Question 1: Define uniform circular motion and explain why it involves acceleration even though the speed is constant.

Uniform circular motion is motion along a circular path at constant speed; the word 'uniform' refers to constant speed.
Although speed is constant, the direction of velocity changes continuously at every point on the circular path.
Since velocity is a vector and its direction changes, there is a rate of change of velocity — hence the object undergoes acceleration called centripetal acceleration.

Question 2: Calculate the angular speed, linear speed, and centripetal acceleration of the student on the merry-go-round. (R = 5 m, T = 4 s)

Angular speed: ω = 2π/T = 2π/4 = π/2 ≈ 1.57 rad/s.
Linear speed: v = ωR = 1.57 × 5 = 7.85 m/s.
Centripetal acceleration: ac = ω²R = (1.57)² × 5 ≈ 2.47 × 5 ≈ 12.3 m/s², directed towards the centre of the merry-go-round.

Question 3: Explain why centripetal acceleration is not a constant vector and derive the expression ac = v²/R using the similarity of triangles.

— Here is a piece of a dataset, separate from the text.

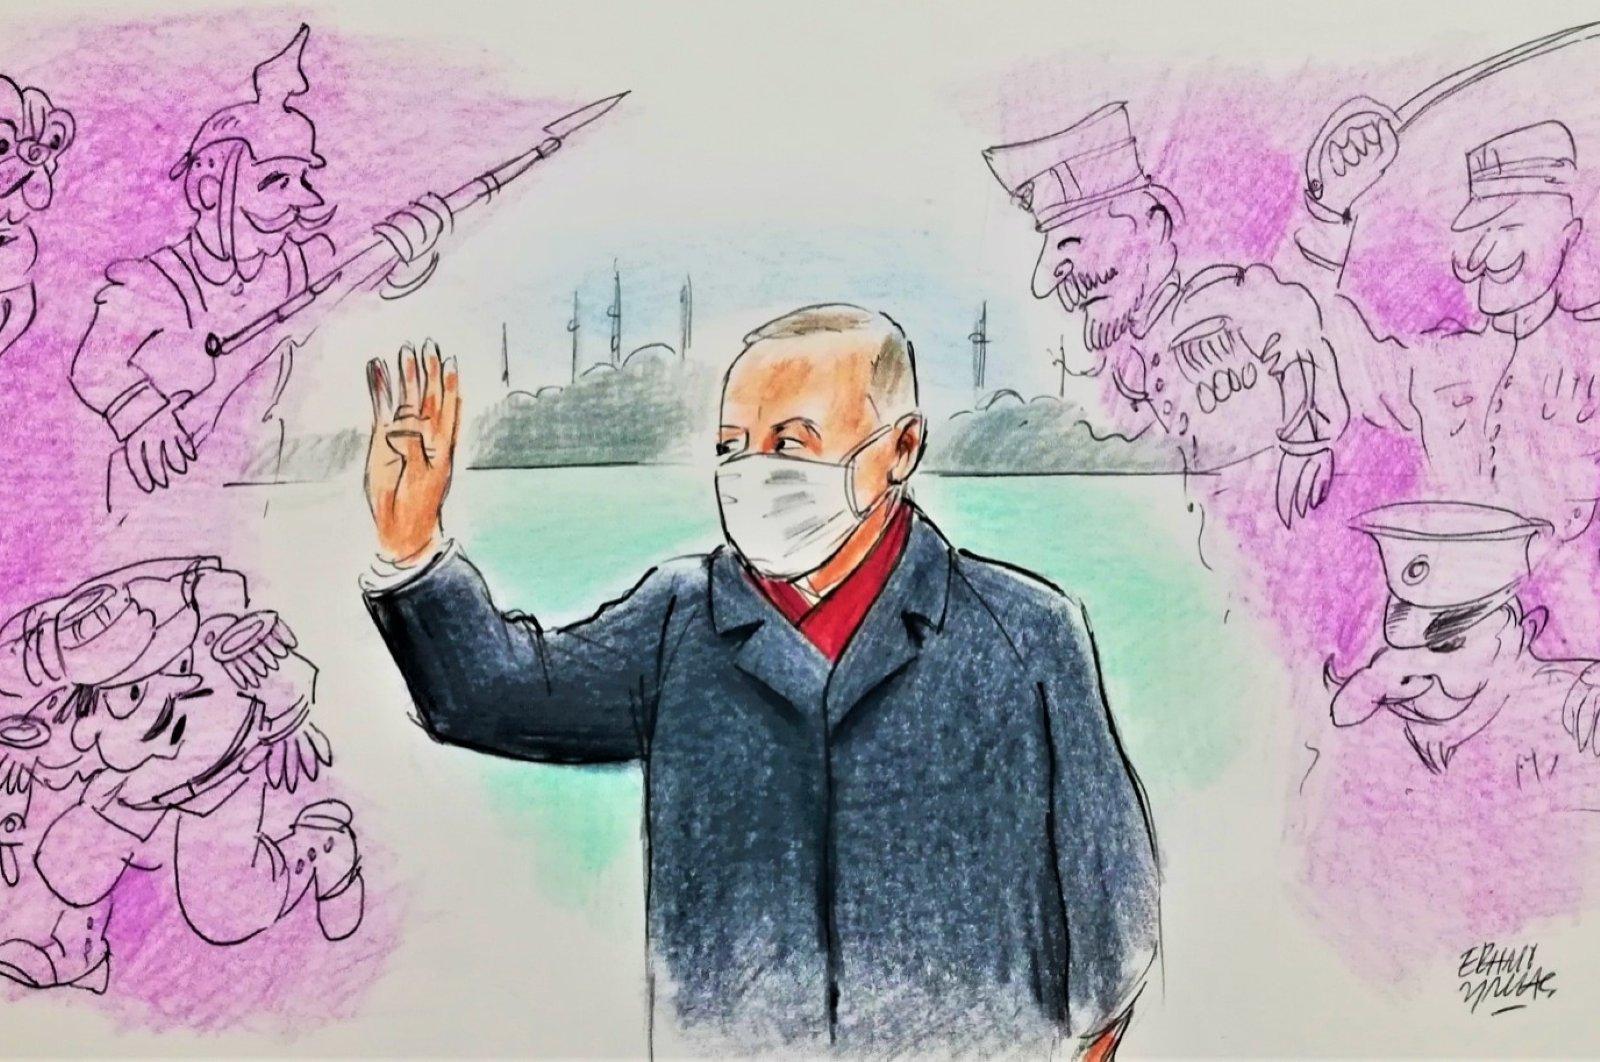 Illustration by Erhan Yalvaç
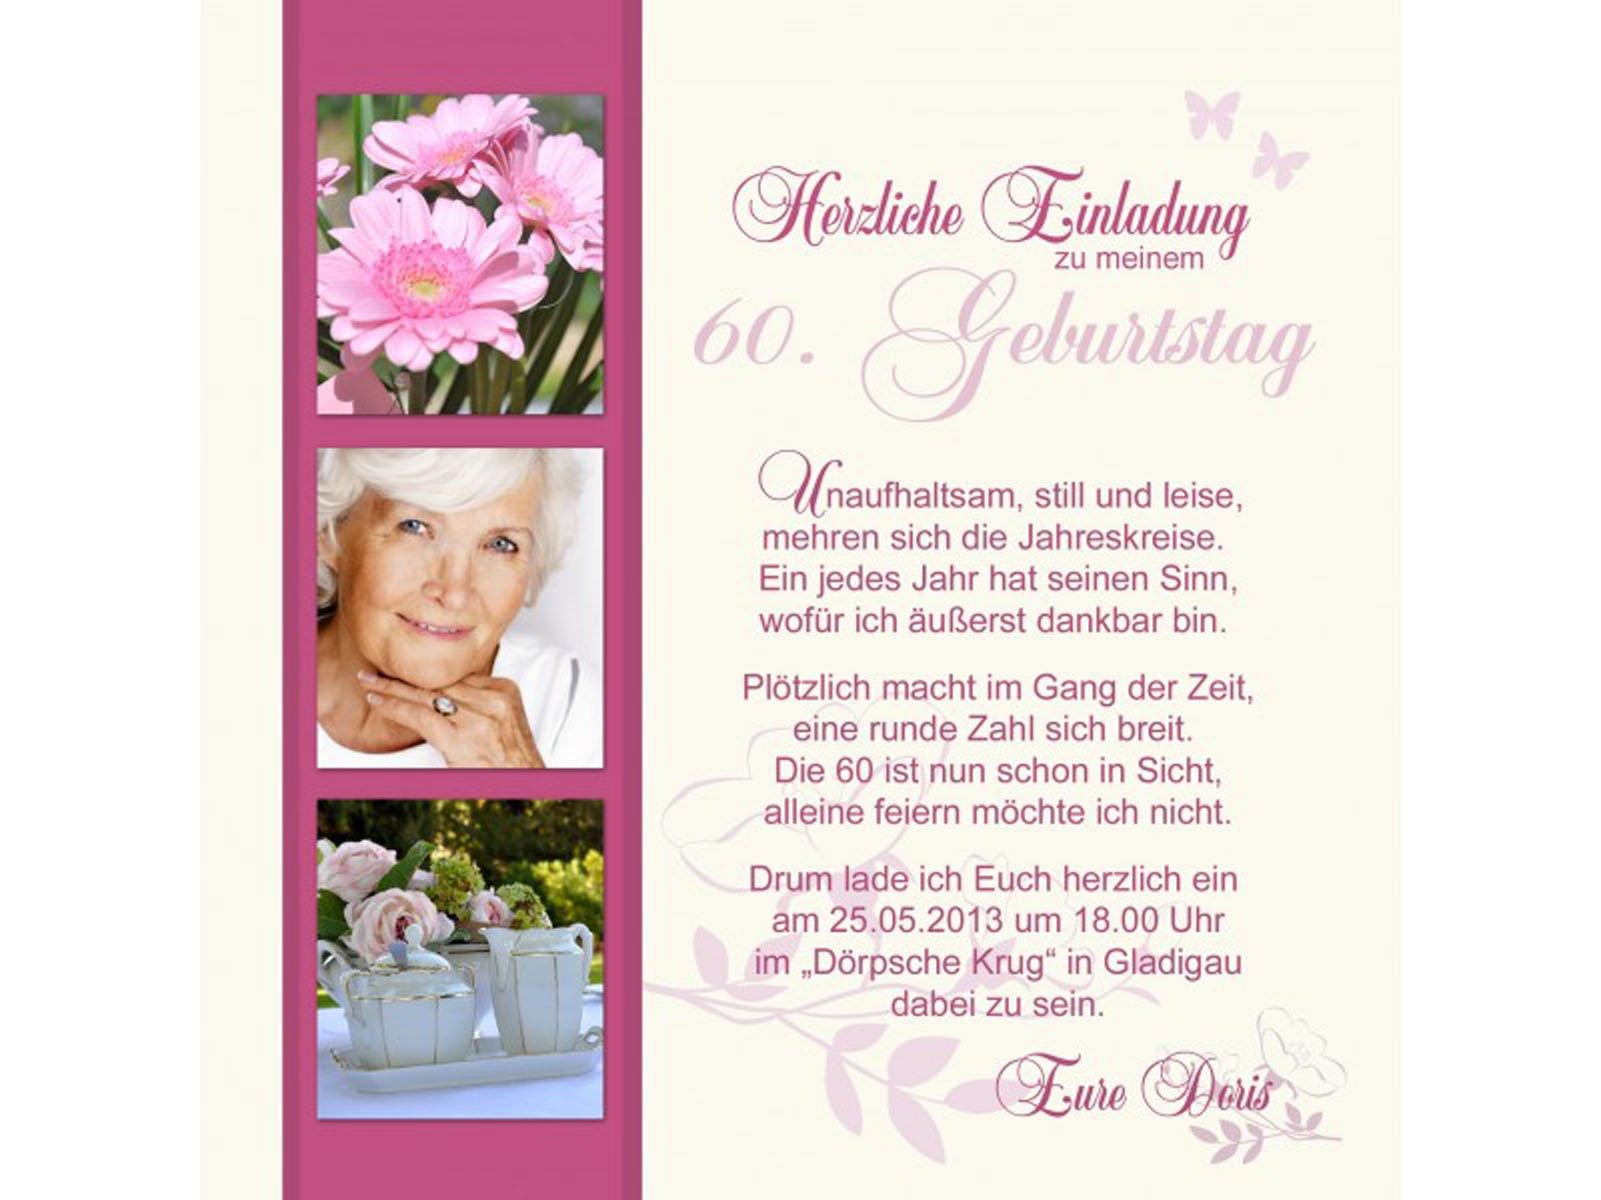 Einladung Zum 60 Geburtstag : Einladung Zum 60. Geburtstag ...

A vector is constant only if both magnitude and direction are unchanged; centripetal acceleration has constant magnitude v²/R but its direction continuously changes, always pointing inward — so it is not a constant vector.
For positions P and P′ on the circle separated by angle Δθ, the triangle of position vectors (r, r′, Δr) is similar to the triangle of velocity vectors (v, v′, Δv) because both have the same apex angle Δθ.
From similarity: |Δv|/v = |Δr|/R, so |Δv| = v|Δr|/R; dividing by Δt and taking the limit as Δt → 0 gives ac = v × (|Δr|/Δt)/R = v²/R.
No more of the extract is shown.